WHAT YOU NEED TO DO: Give the listing again character for character, but drop the images.

DATASET SECTION:
--- START ---
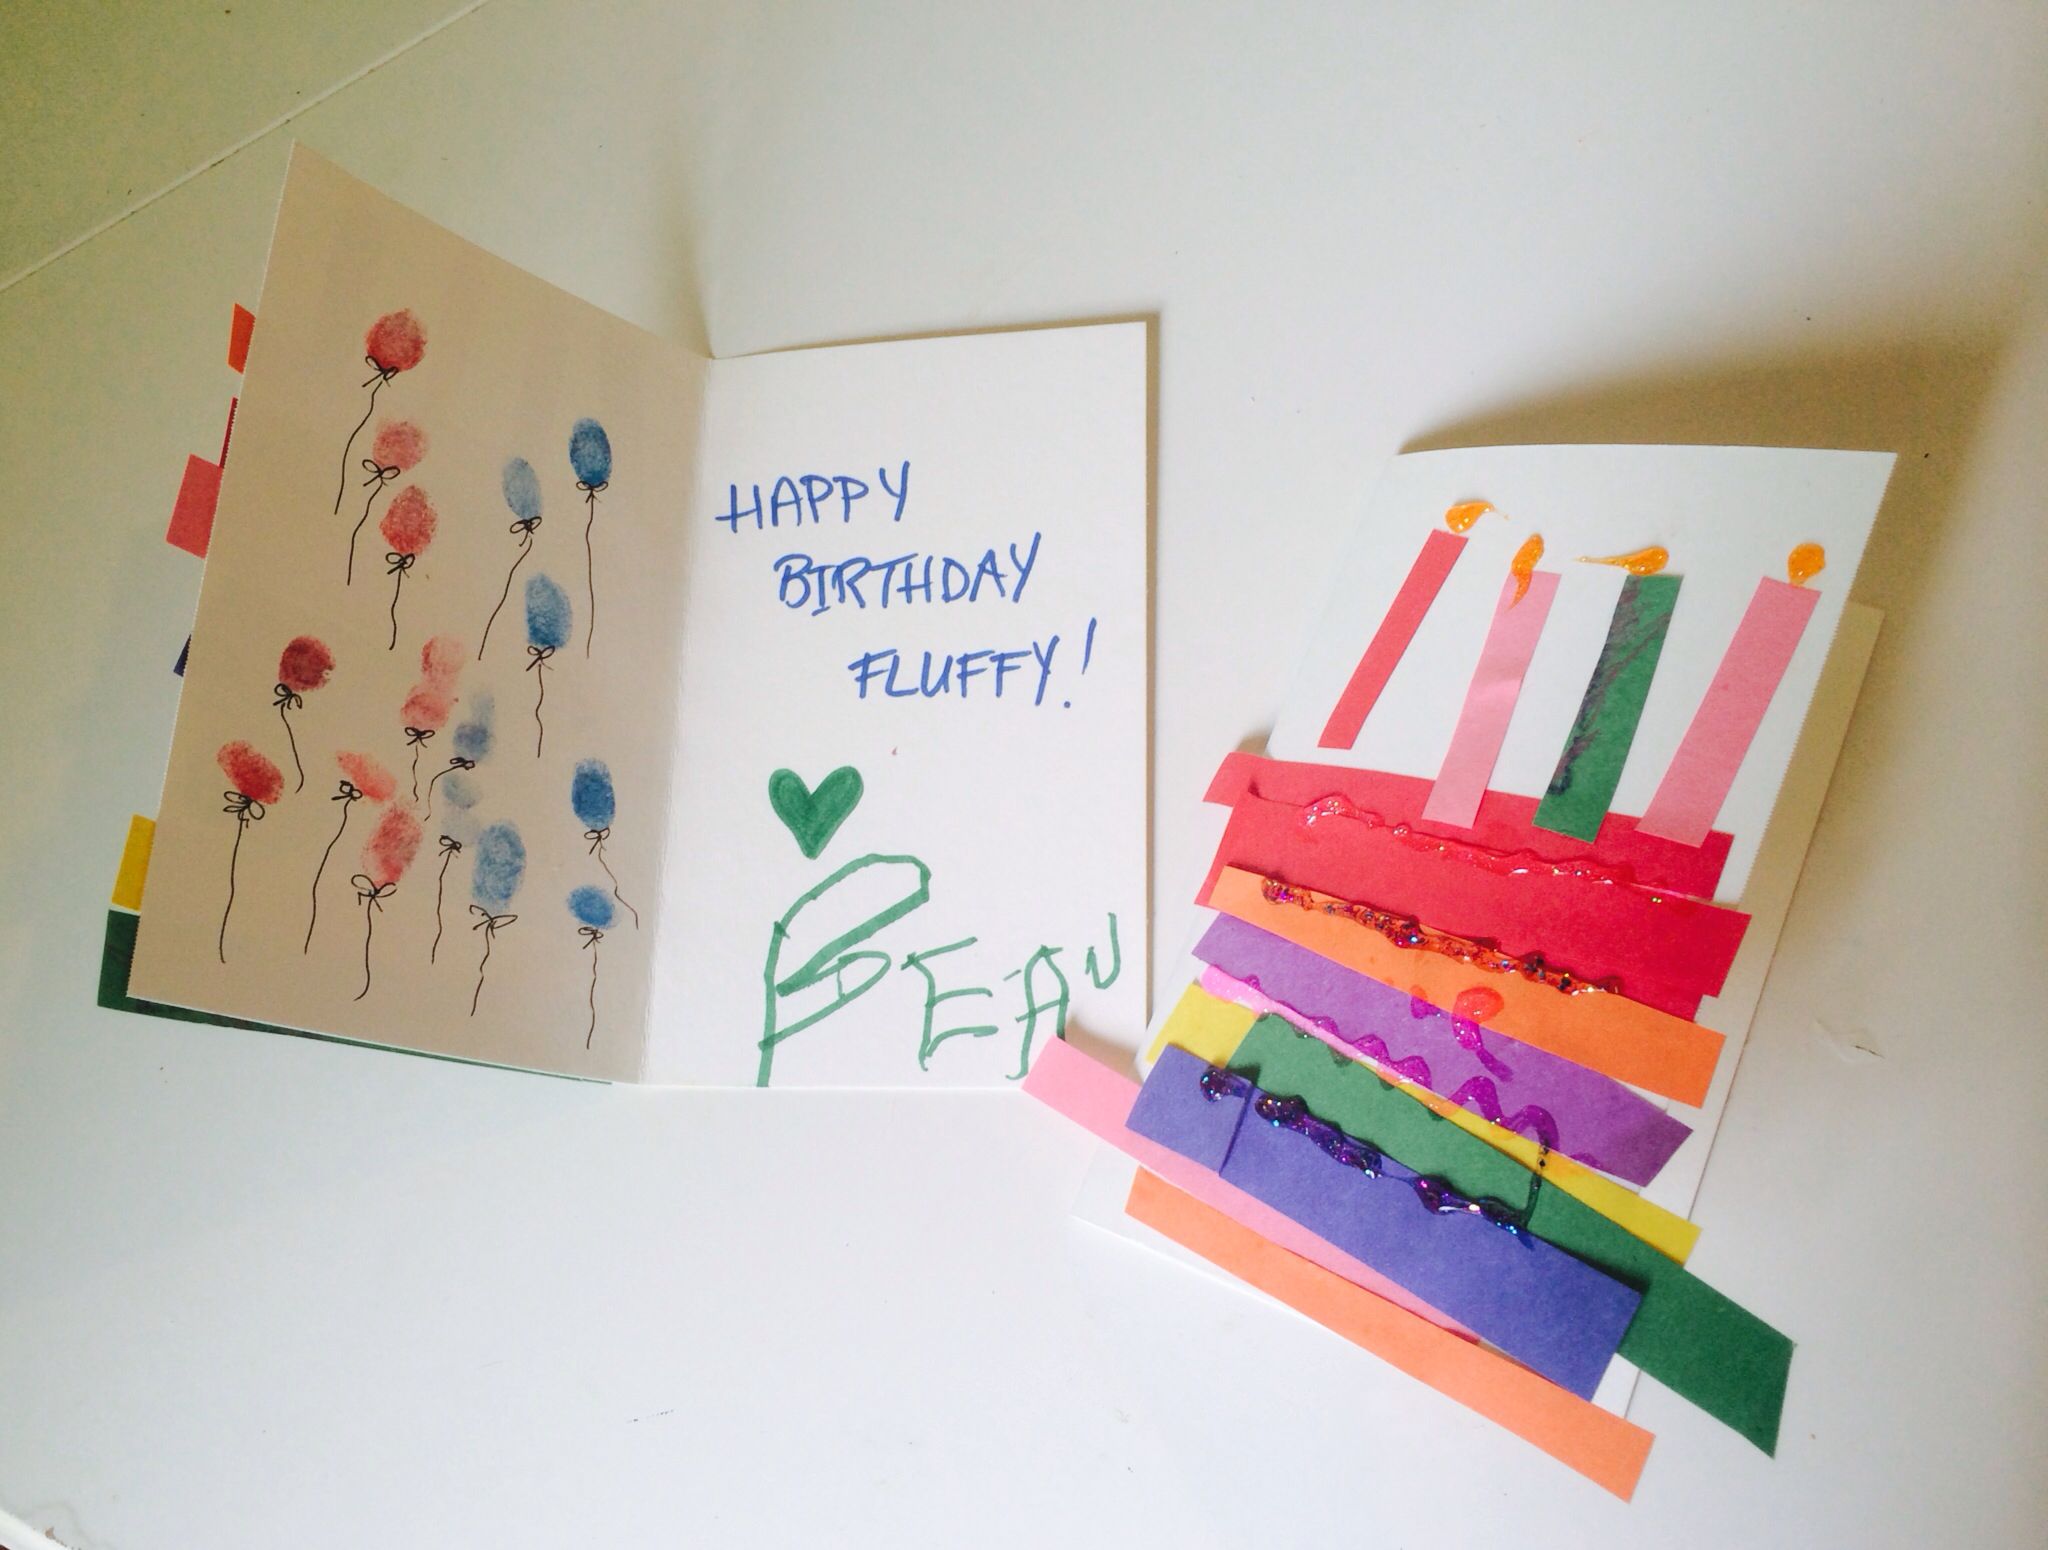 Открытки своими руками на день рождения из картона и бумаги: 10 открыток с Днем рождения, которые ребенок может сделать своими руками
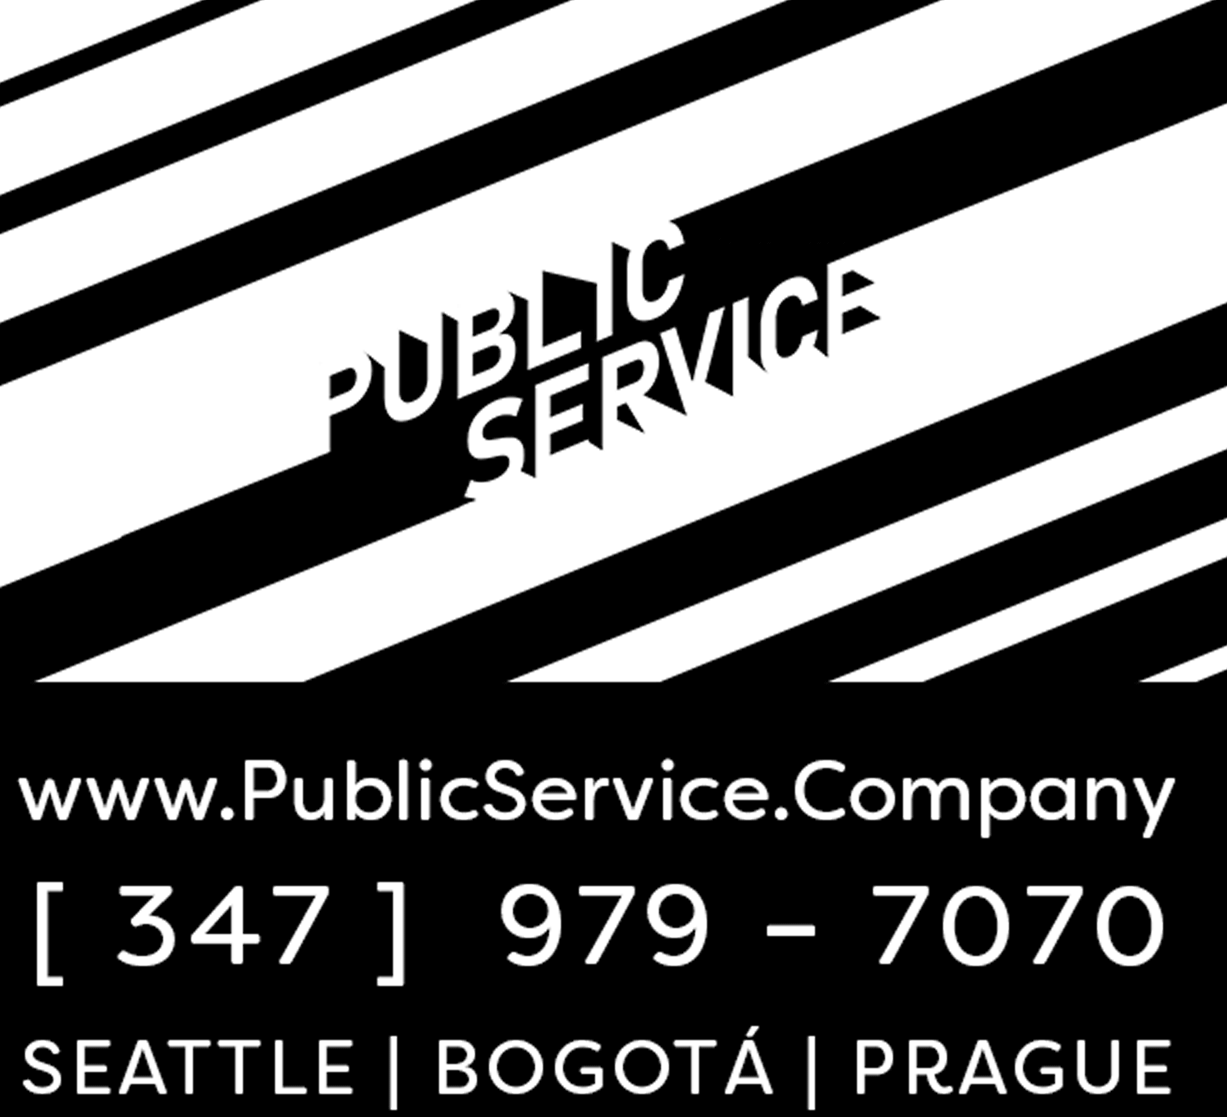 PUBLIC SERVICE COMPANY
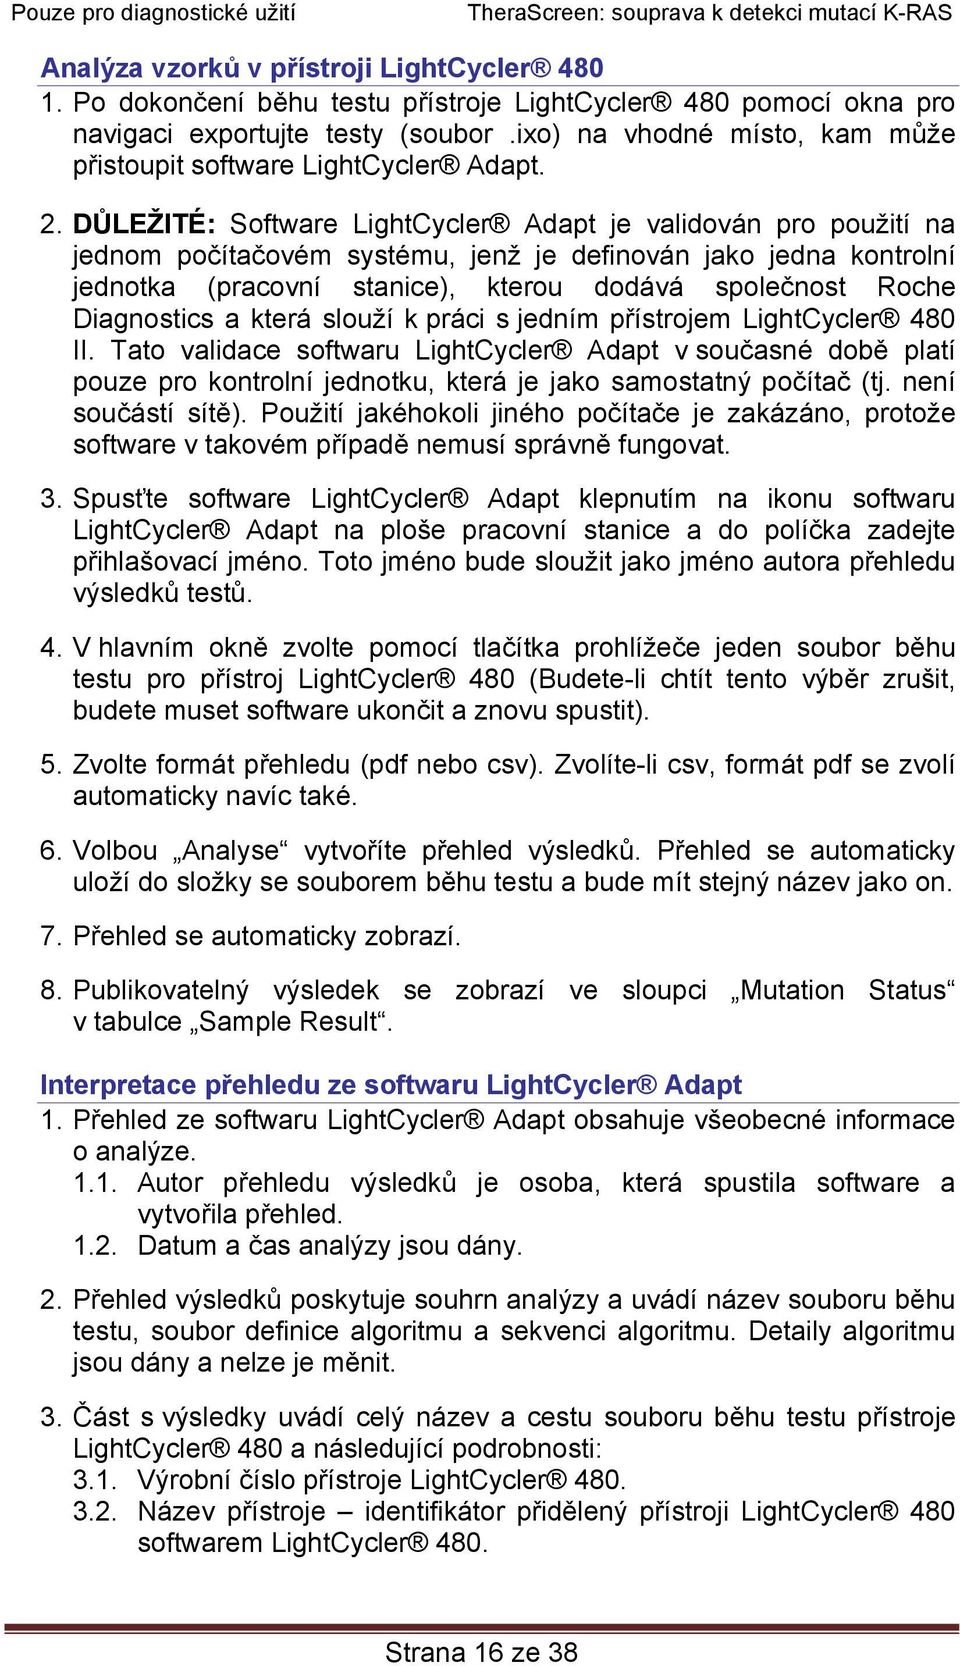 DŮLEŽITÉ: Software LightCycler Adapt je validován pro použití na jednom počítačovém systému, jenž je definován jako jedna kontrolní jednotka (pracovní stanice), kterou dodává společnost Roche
--- END ---
COMPLETED TASK:
 Открытки своими руками на день рождения из картона и бумаги: 10 открыток с Днем рождения, которые ребенок может сделать своими руками
 PUBLIC SERVICE COMPANY
 DŮLEŽITÉ: Software LightCycler Adapt je validován pro použití na jednom počítačovém systému, jenž je definován jako jedna kontrolní jednotka (pracovní stanice), kterou dodává společnost Roche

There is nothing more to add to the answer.